'Mankind' star Joel Kinnaman: Space exploration is 'aspirational and positive'

Joel Kinneman can now be seen in Season 2 of "For All Mankind." Photo courtesy of Apple TV+
1 of 3 | Joel Kinneman can now be seen in Season 2 of "For All Mankind." Photo courtesy of Apple TV+

NEW YORK, Feb. 19 (UPI) -- Altered Carbon, The Killing and Suicide Squad star Joel Kinnaman says he hopes his space drama, For All Mankind, gives people something to look up to.

"Space exploration in reality and as fiction is something that is aspirational and positive," the 41-year-old Swedish actor told UPI in a recent Zoom interview with reporters.


"I wish that we would focus more of our attention to space exploration and give more funding to science to do these things," Kinnaman said.

"We should strive to be a multiplanetary species and I think the more time and effort and money we spend reaching deeper into space, we will also develop technologies and innovate things that will help us back here," he added, pointing out that GPS systems and cellphones wouldn't exist today without NASA.


Created by Ronald D. Moore, Ben Nedivi and Matt Wolpert, For All Mankind is a thrilling alternate-history epic that imagines a world in which a Soviet cosmonaut becomes the first man to walk on the moon instead of American Neil Armstrong in 1969.

Determined to catch up and surpass its rivals, the United States pours enormous resources into NASA, leading to tremendous advancements in technology and diversity among the scientists.

Season 2 -- debuting Friday on Apple TV+ -- takes place in 1983, about a decade after the events of Season 1.

Ronald Reagan is president and the United States and Soviet Union are in the midst of the Cold War.

The stakes are even higher than they were in real life because the exploration race now involves high-tech weaponry and communications equipment that take the world to the brink of a possible nuclear war as the moon becomes militarized.

Kinnaman, who plays fictional Korean War veteran and astronaut Ed Baldwin in For All Mankind, finds time jumps in storylines interesting because they force actors to fill in the blanks of what happened in those missing years and evolve accordingly.

At the end of Season 1, Ed and his wife, Karen, are seen mourning their young son, Shane, who died after being hit by a car while riding his bicycle.


In addition to experiencing overwhelming grief, Ed also feels guilt since he was stationed on the moon when the accident happened.

"As an actor, of course, portraying someone who has gone through that kind of tragedy is sort of the challenge that you are looking forward to sinking your teeth into," Kinnaman said.

Moving the story 10 years in the future means those wounds aren't right out on the surface anymore, however.

"You don't move on from something like that.

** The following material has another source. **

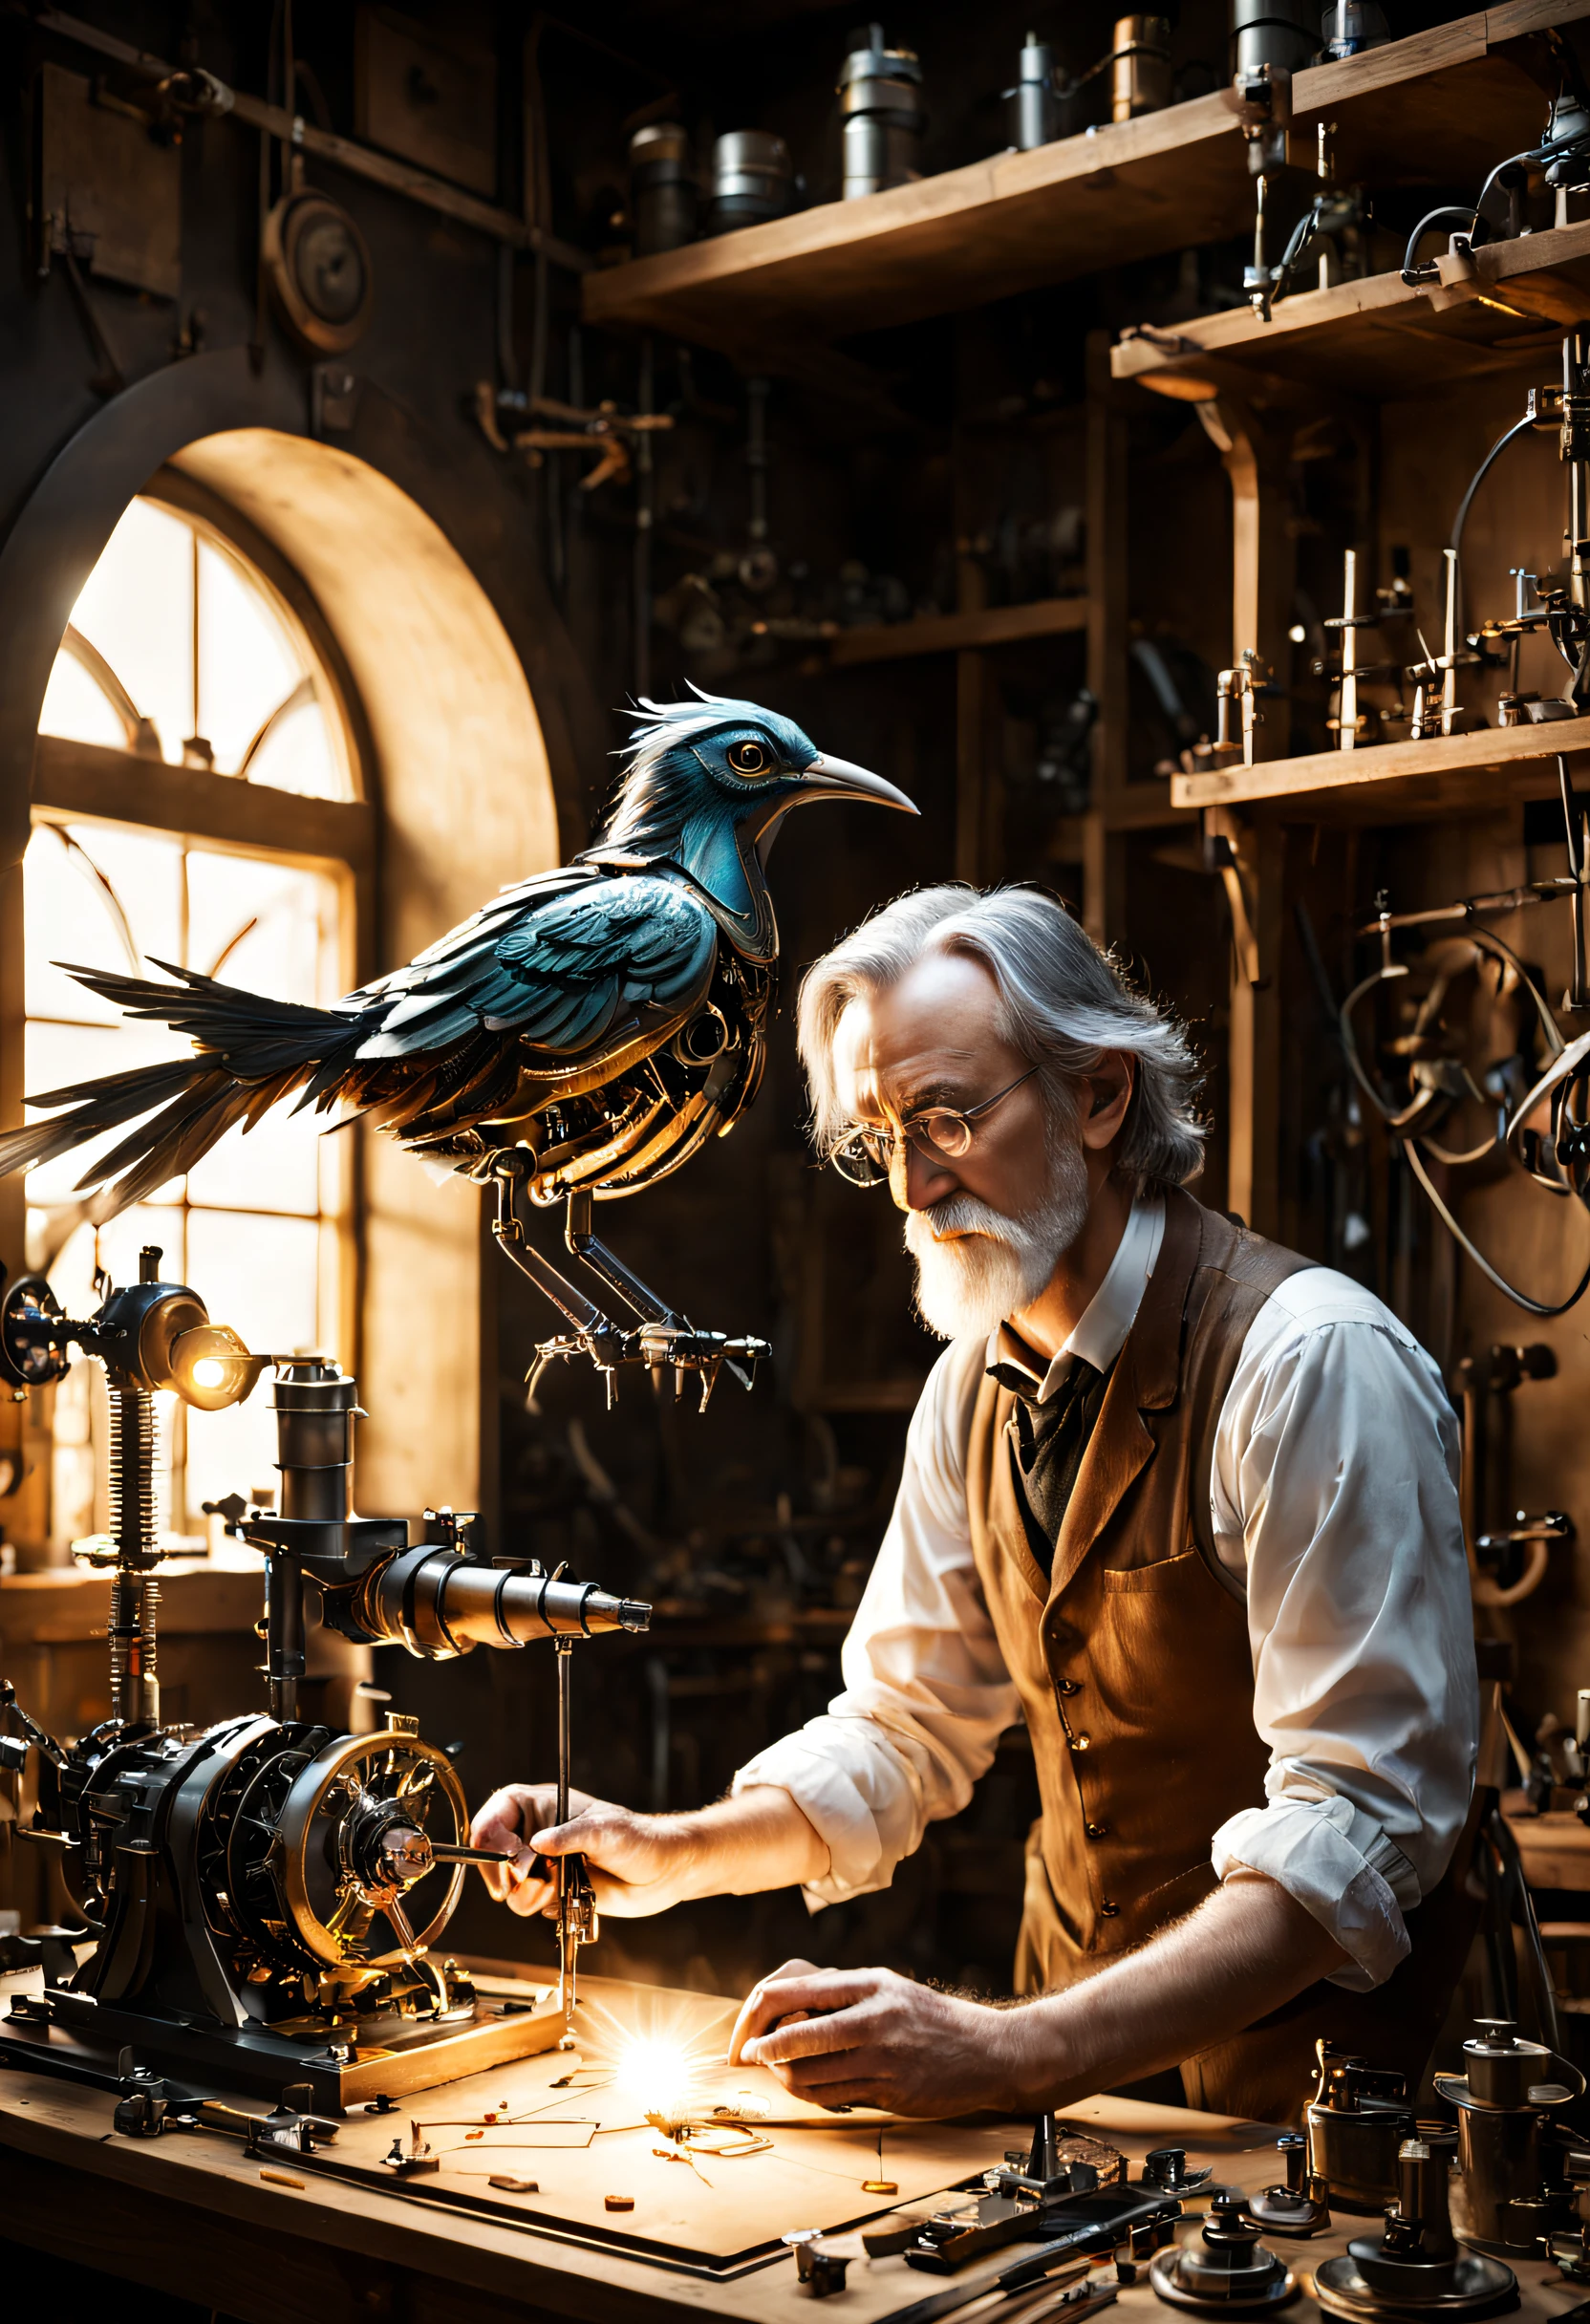 작업장에서 기계 새를 만드는 과학자. 그는 마지막 부분을 집어넣고 있다. 톨킨 스타일의 마법 같은 분위기.

You'll always be the person before and after that happens," the actor said, adding the grief and regret Ed feels will bubble up in unexpected ways throughout his life. "I thought the writers did a fantastic job of portraying that."

Kinnaman admitted he was shocked to see where Ed is at the beginning of Season 2, having given up his dream of flying and taken a new job as head of the astronaut program so he can provide security for the wife he feels he disappointed years earlier by being absent in her darkest hours.

"He's on the ground. He seems to be at peace in a way that we haven't seen him before. We don't see much of his anger outbursts, and he almost seems pretty happy," the actor said.


"I found it almost provocative at first, but then as we moved along in the season, I thought it was just brilliant to portray him in that way," he explained. "He's sacrificed his passion of reaching farther into space to be present with his family and, if anything were to happen to his family, he knows for damn sure he's going to be there when it happens."

Ed's new leadership role impacts his relationships with the astronauts, too.

Kinnaman could relate to that dynamic, since he wields more influence than he used to on film and TV productions, which creates opportunities for him to lift up other actors.

"There is always some weird tension that can arise from that if you don't deal with it in the right way," he said.

"That's something that Ed is going through as well. I think he is a friend first and a flight director second, and I think you see that in some of his choices. He will definitely use his position to try to help the lives of his friends. There is definitely some nepotism going on."

For All Mankind co-stars Michael Dorman, Sarah Jones, Shantel VanSanten, Jodi Balfour, Krys Marshall, Wrenn Schmidt and Sonya Walger.